La coopérative d'agrumes de Muchacha-en
- Bérénice Gits
- 12 sept.
- 3 min de lecture
C'est mon deuxième jour sur l'île de Shikoku, une des moins touristiques du Japon. Et pourtant, on y trouve ici une variété phénoménale d'agrumes, ce qui selon moi, est la meilleure des attractions touristiques. Alors en cette matinée ensoleillée, j'enfourche un vélo, pour me rendre en bord de mer : là où est située la coopérative de Muchacha-en. Ils ont installé leurs bureaux dans une ancienne école désertée, où je vais retrouver l'un des employés pour y passer la journée. Après une rude montée sur mon bolide sans vitesse très peu adapté à la situation, je prends le temps de m'émerveiller sur le paysage (bien mérité donc) qui s'offre à moi. Ici, ce sont des champs en terrasse escarpée ; les terrains composés d'arbustes donnent l'impression de se déverser dans la mer.
CULTIVER DES AGRUMES SANS PESTICIDES POUR PRÉSERVER LES CONTRÉES
Mon guide pour les prochaines heures me raconte l'histoire de la coopérative en même temps que nous nous enfonçons dans les champs. La commune d'Ehime a toujours été connue pour ses nombreuses plantations d'agrumes, à tel point, qu'il y a plusieurs années, la sur-production a fait baisser les prix de vente. Face à cette tension sur le marché, les agriculteurs ont diversifié leurs variétés d'agrumes, pour retrouver de la rareté, et donc un prix de vente plus élevé. Avec comme seul objectif à atteindre, le profit, l'utilisation massive de produits chimiques a été faite.
Rapidement, les sols et eaux ont été pollués, et de nombreuses espèces animales ont commencé à périr. C'est à ce moment que prend forme la genèse de Muchacha-en. 3 frères, révoltés de ce qu'ils voyaient, on décidé de s'essayer à faire pousser des agrumes sans pesticides. Au fil des années, les 1 500 m² initiaux sont devenus des terrains entiers, embarquant avec eux de nombreux agriculteurs.
L'ARBRE FRUITIER ET L'AGRICULTURE NATURELLE ; DES TEMPS LONGS
L'équipe m'avait prévenu quand je les avais contactés : je visite les vergers dans une période hors production. La récolte des fruits se fait l'hiver, et peut s'étirer jusqu'à juin, selon la variété. Comme pour beaucoup d'arbres fruitiers, la culture des agrumes se fait sur un temps long. Il faut attendre au moins 5 ans avant qu'un arbre ne produise des fruits, qui eux-mêmes mettent 8 mois à passer de l'état de fleur à agrume, le tout en demandant beaucoup d'attention, notamment lorsqu'ils sont produits sans pesticides. Si les produits sont parfois moins beaux d'apparence, le goût en est pour autant décuplé. Beaucoup de savoirs et de subtilités, auxquels il n'est pas toujours simple de sensibiliser les fermiers.

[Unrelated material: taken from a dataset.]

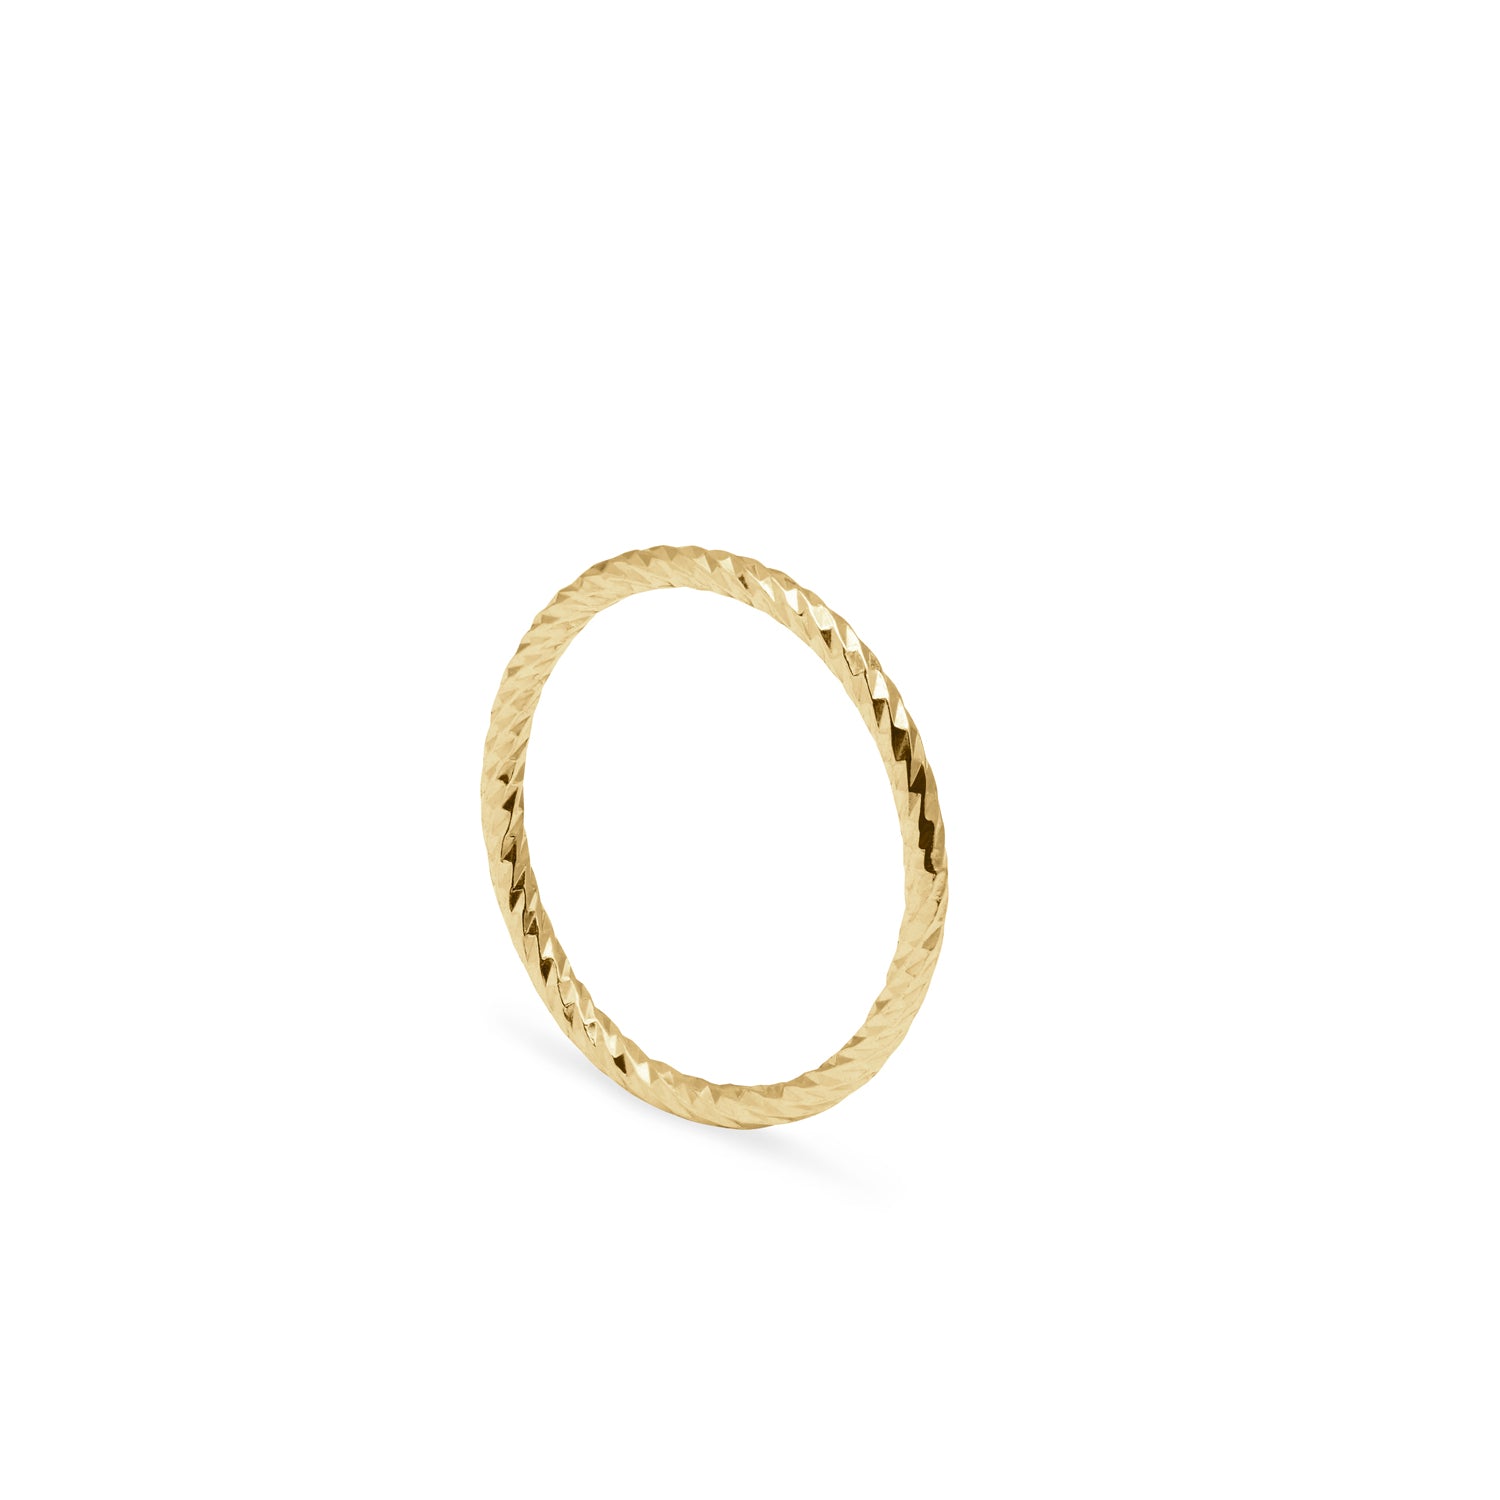 Faceted Diamond Ring - 9k Yellow Gold - Myia Bonner Jewellery

Pour ce faire, la coopérative se créer, avec pour objectif d'accompagner les agriculteurs dans leur transition à l'agriculture biologique. Aujourd'hui, plus d'une centaine de producteurs l'on rejoins, et ils ont implanté de nombreux espaces de collecte au sein des terrains. Au-delà de la formation, la coopérative aide les agriculteurs à transformer leurs produits et les marketer afin que les consommateurs comprennent la démarche d'agriculture mise en place. Ce système repose donc sur un réseau de consommateurs engagés, qui ne s'arrêtent pas à l'apparence d'un fruit, mais qui vont chercher la qualité et la diversité du goût.

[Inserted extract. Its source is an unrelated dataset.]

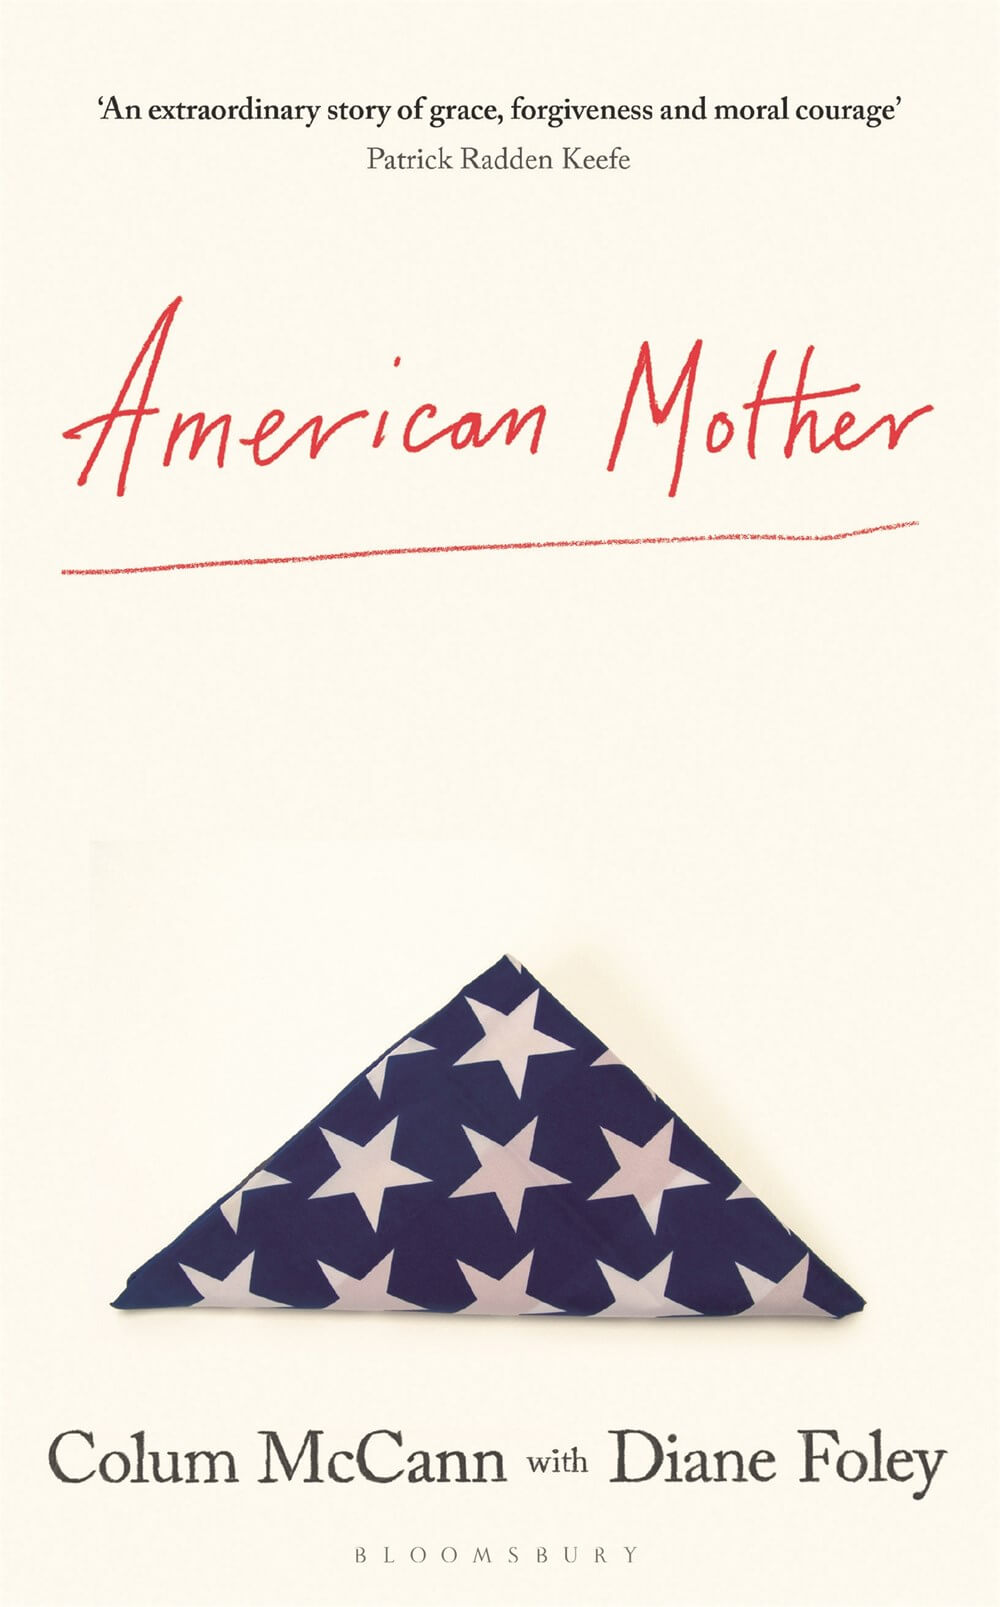 The cover for 'American Mother'.

En sortant de leur nouvel usine de tris, mon guide me tend plusieurs petites bouteilles de jus, aux intitulées différents "celle-ci est ma favorite, c'est un mix parfait entre acidulé et sucré".
Effectivement, en une gorgée, je découvre un jus d'agrumes qui a bien plus de complexité et d'intérêt que la plupart des bouteilles vendues en supermarché. Si plusieurs boutiques d'alimentation spécialisées vendent leurs produits partout au Japon, découvrir la philosophie des personnes derrière la coopérative et la multitude de projets qu'ils mènent pour améliorer les conditions des travailleurs et des sols, rend la découverte d'autant plus percutante. Décidément, quelle belle idée de venir à Ehime.